New Zealand will lose another 400,000 people to Australia over the next 15 years, based on current projections of the income gap between the two countries, the 2025 taskforce says.
The taskforce, chaired by Don Brash, is charged with providing recommendations on how to close the income gap by 2025.
In its second report, released yesterday, it says OECD projections of each country's growth prospects would see the gap widen from 35 per cent to 42 per cent.
"Can we close the gap?" Brash asked yesterday. "To paraphrase President Obama [in a recent appearance on The Daily Show]: Yes we can, but it may take a little time."
It would require an unwavering focus on policies that would see the New Zealand economy grow nearly 2 per cent per annum faster than Australia over that period.
Some steps the Government had taken over the past two years - like income tax cuts - are likely to have improved the country's growth prospects, Brash said, but others - like tax changes which have effectively increased the tax burden on business - are likely to have detracted from them.
"On balance New Zealand is still a long way from the kind of policies needed to have any chance of closing the gap with Australia by 2025, or even of making serious progress towards that goal."
The report recommends cutting Government spending and tax rates, and a rapid return to a structural fiscal surplus.
It wants to "shift the boundary" between private and public sectors, with more of the former and less of the latter, including in health and education.
It favours at least the partial privatisation of state-owned enterprises.
It calls for more robust and transparent cost/benefit analyses of major infrastructure projects, including plans for ultra-fast broadband.
It is sceptical of the return on public sector research and development and advocates a freeze on that spending coupled with less micro-management of how it is distributed.
It wants a more inviting regime for foreign investment and is critical of the uncertainty recent Government statements and regulatory changes have engendered.
And it favours "institutionalising" better processes for vetting Government spending and regulation - either in the form of a taxpayer's bill of rights or an "independent fiscal council" akin to the Congressional Budget Office in the United States.
Finance Minister Bill English said the Government would consider some of the taskforce's ideas, but disagreed with the report's authors on the ideal speed of the reform.
"History shows that reforms done at breakneck speed tend to be fairly counterproductive," he said.
"If you don't take the time to convince people of the benefits of change there's a good chance the next government will simply reverse them."
The Government was already moving in some of the directions suggested.
"As well as cutting personal and corporate taxes, we have put a cap on new government spending, have put better incentives into the welfare system and are reviewing major regulation.
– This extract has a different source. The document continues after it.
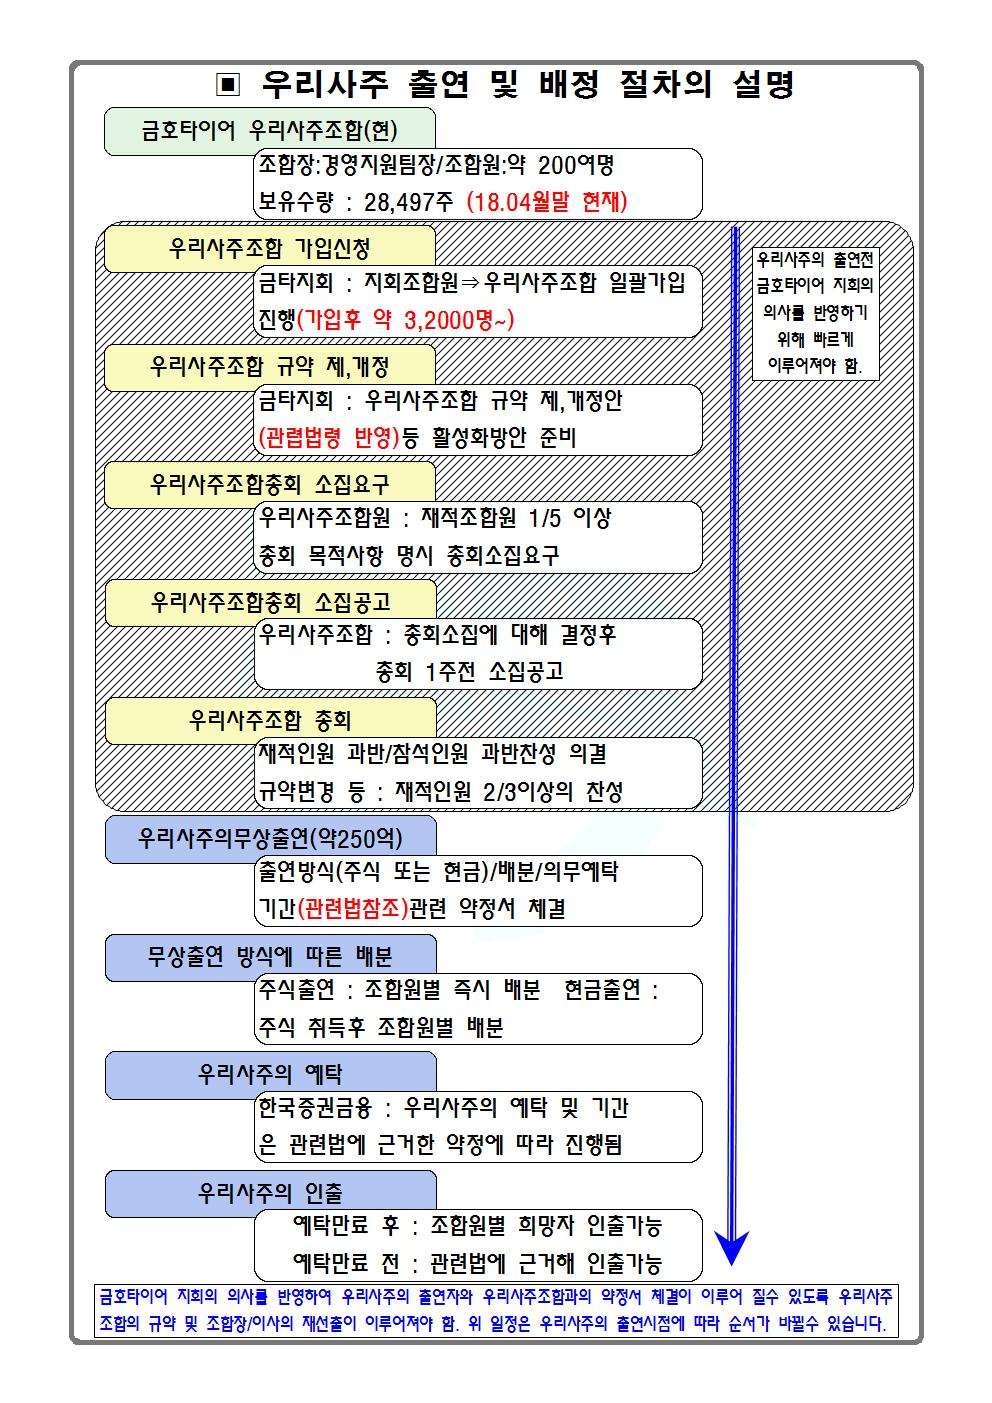 우리사주 출연 배정절차001.jpg

But any changes must meet the tests of fairness and equity, be consistent with our election promises and occur at a sustainable pace."
Labour's finance spokesman David Cunliffe's response was scathing.
"Don Brash's ideological nonsense - with an unwavering focus on the free market and privatisation, and to hell with anything else like social policies - don't provide a path New Zealanders want to go down," he said.
"If we are going to persuade Kiwis not to follow their dreams on the other side of the Tasman, we need to be promoting a value-added and high-tech economy, monetary policy that assists our exporters, policies that address the savings gap, and tax and social policies that are fair for all Kiwis. National is doing none of this. Instead it's wasting money on this taskforce. It should scrap it now."